Paracuelles and Amani said they took note of the BSP’s “dovish tone” when it announced a quarter-point cut during the policy-setting Monetary Board’s (MB) third policy meeting on June 19.
“The main risk to our view is the timing of these next cuts. An escalation in the Middle East conflict that is accompanied by further increases in oil prices could keep BSP from cutting and instead prompt it to leave the policy rate unchanged in the near term,” Paracuelles and Amani said.
They noted that the BSP is “an inflation targeting central bank, so the inflation outlook is the number one consideration.”
BSP Governor Eli M. Remolona Jr. earlier stated that a favorable outlook for movements in consumer goods prices drove the continued easing by the Monetary Board (MB). May’s 1.3-percent headline inflation rate, the latest data available, was the lowest in nearly six years, or since late 2019.
As such, the BSP has revised its inflation forecast for 2025 to 1.6 percent from 2.4 percent previously.
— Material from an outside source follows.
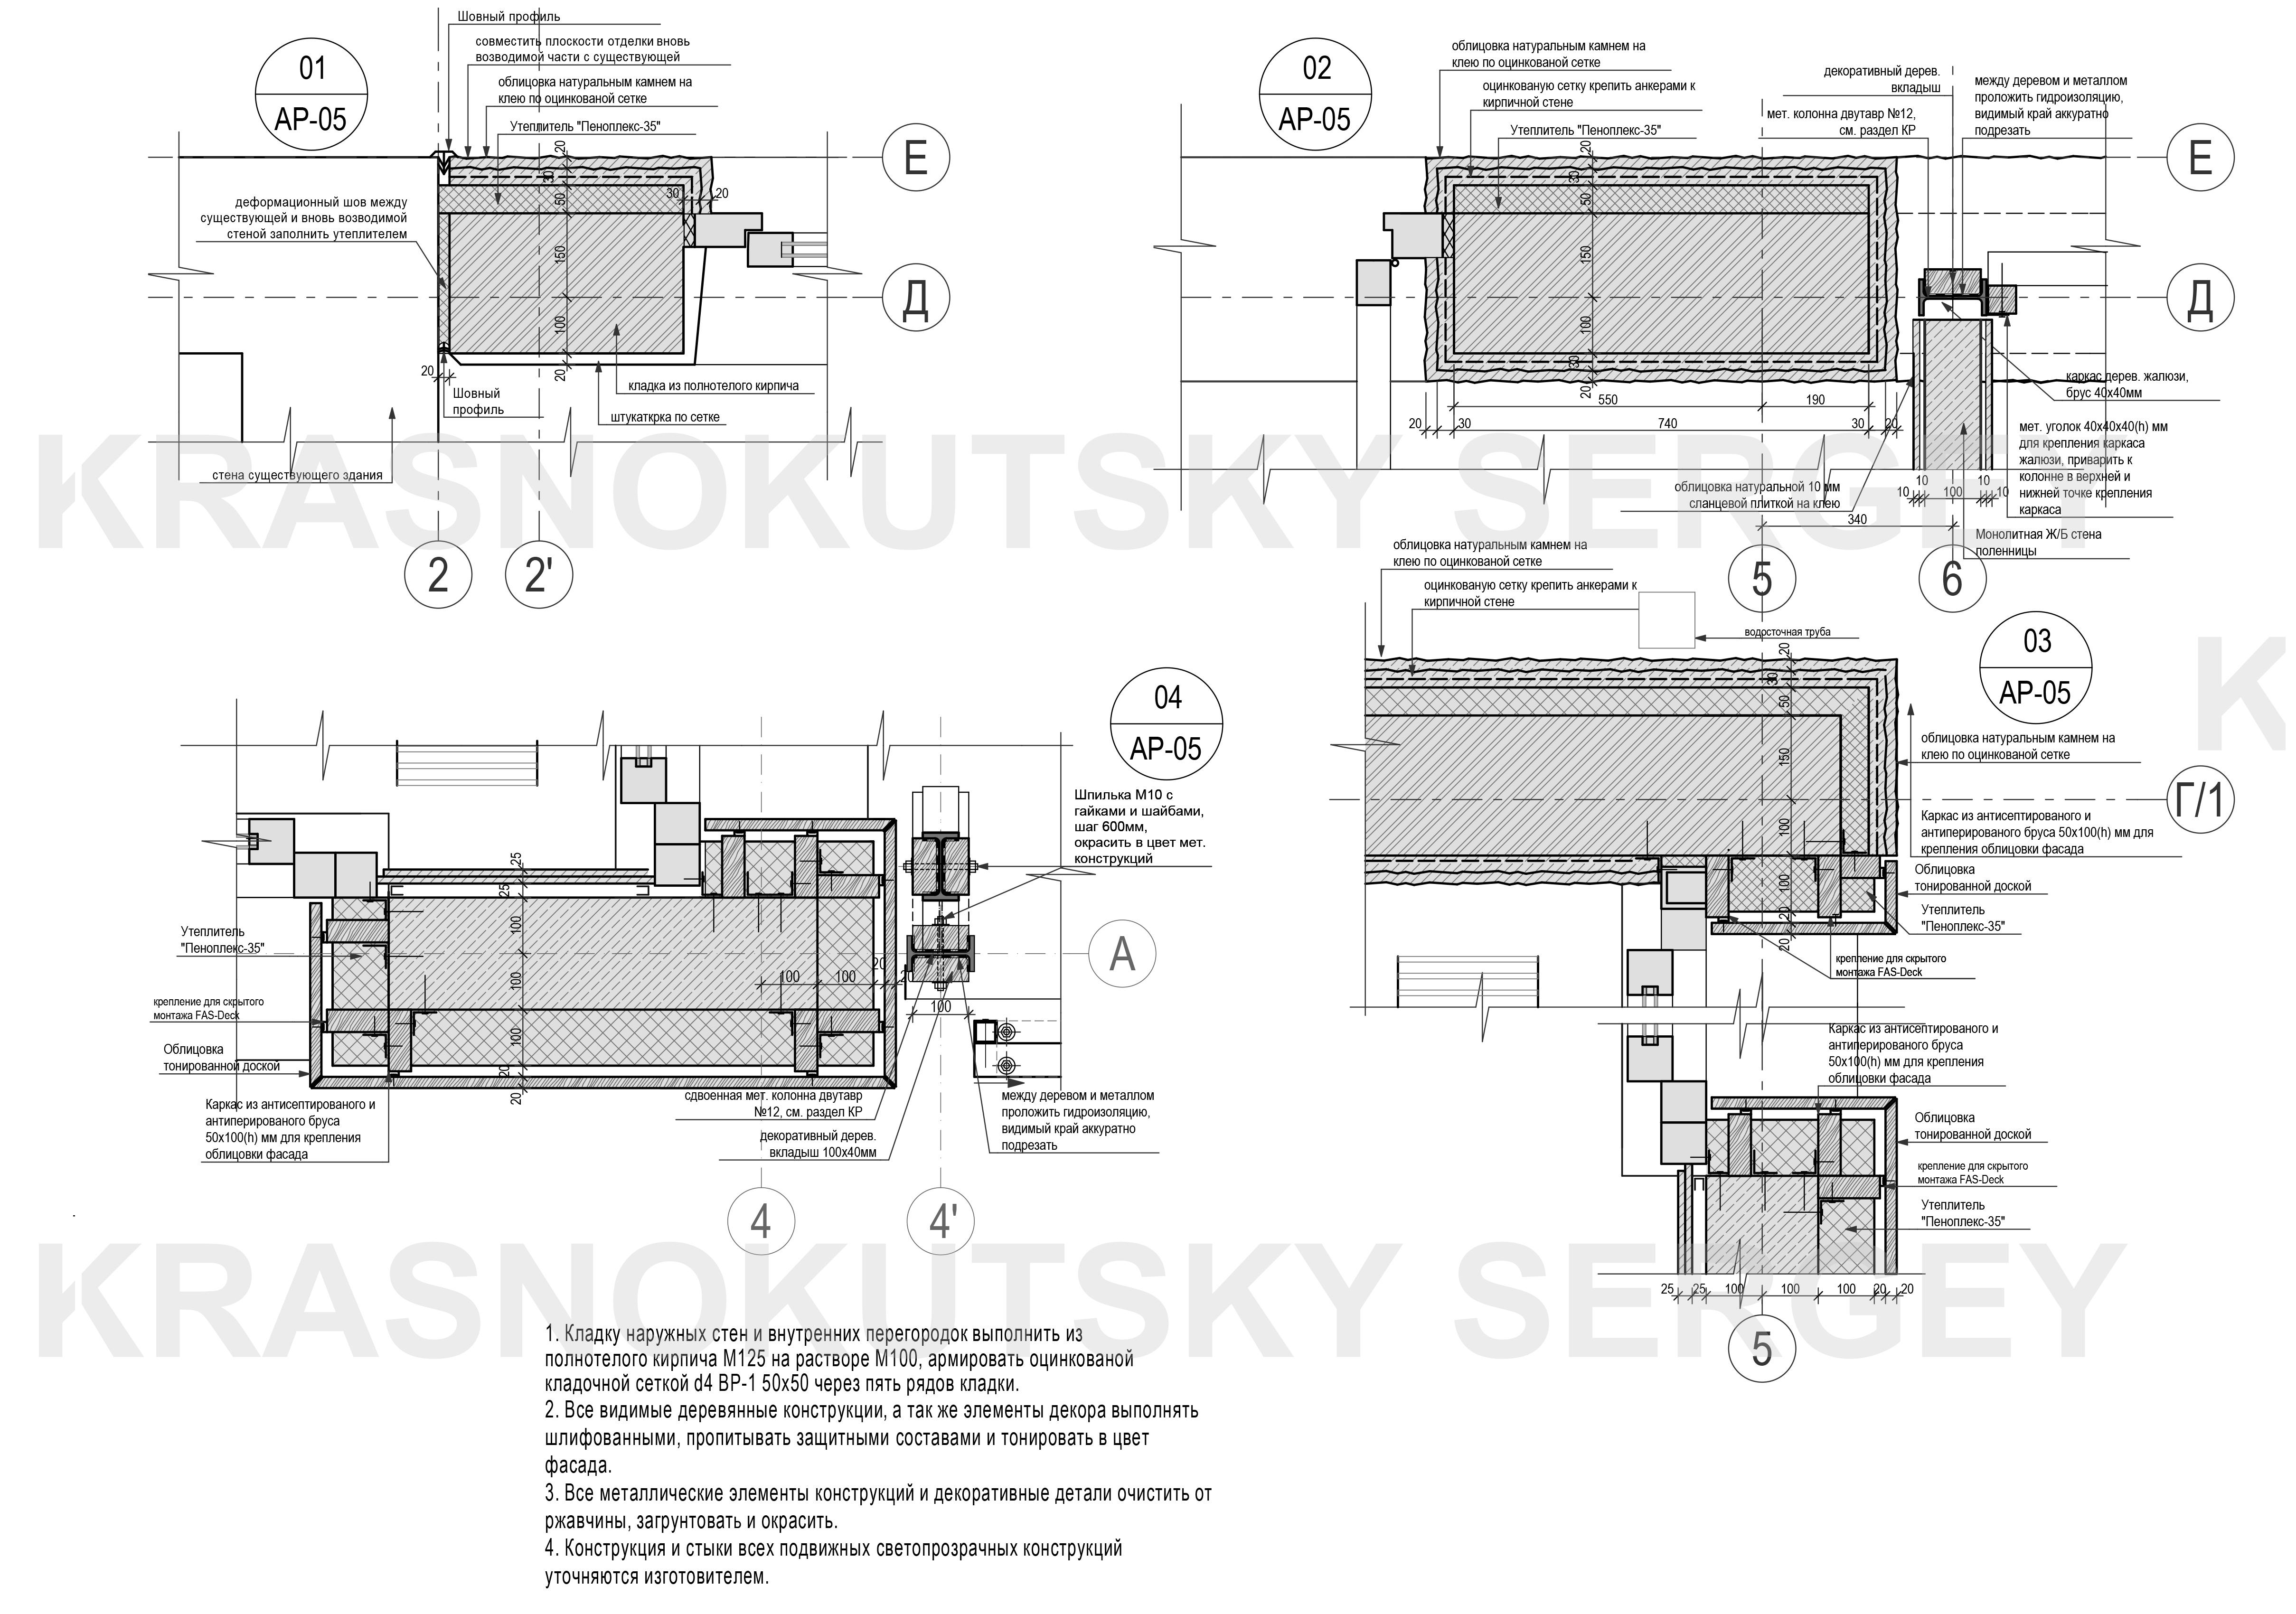 01-63И_ Архитектурные решения (ИЗМ БШ)-31-WM

But it also raised its forecasts for 2026 to 3.4 percent from 3.3 percent, and for 2027 to 3.3 percent from 3.2 percent.
Paracuelles and Amani have a slightly higher inflation forecast for 2025 than the BSP’s 1.6-percent projection.
“We would argue that, because the starting point is relatively low (pertaining to May’s rate), any impact from the recent increase in oil prices, barring another surge that is eventually sustained, will still likely be insufficient to drive inflation up to within BSP’s two- to four-percent target,” Paracuelles and Amani said.
While Germany-based Deutsche Bank also believes annual price hike rates will likely stay within the lower end of the target, it projected only one cut at 25 bps.
Based on the BSP’s lower inflation forecast for 2025, a terminal rate of five percent would keep the real interest rate high at 3.4 percent, said Sanjay Mathur and Arindam Chakraborty, chief economist and economist, respectively, for Southeast Asia and India at Australian banking giant ANZ.
As a result, Mathur and Chakraborty expect the BSP to trim rates by 25 bps twice — once in the third quarter and again in the fourth quarter of 2025 — bringing the terminal rate down to 4.75 percent. BSP earlier said two more reductions might or might not be possible depending on the upcoming economic data. Only one quarter-point cut could be expected “if things remain on track.”
Looking through the first quarter of 2026, Citi sees a total of 75-bp cut, but it stressed the risk scenarios “where either the timing or depth of our last two expected cuts could change.”
Citi does not expect a serious oil supply disruption that would add to the $10–$15 per barrel risk premium already priced into Brent crude — which was around $75 per barrel when that premium was calculated. As such, Citi keeps its base-case policy rate forecast “unchanged for now.”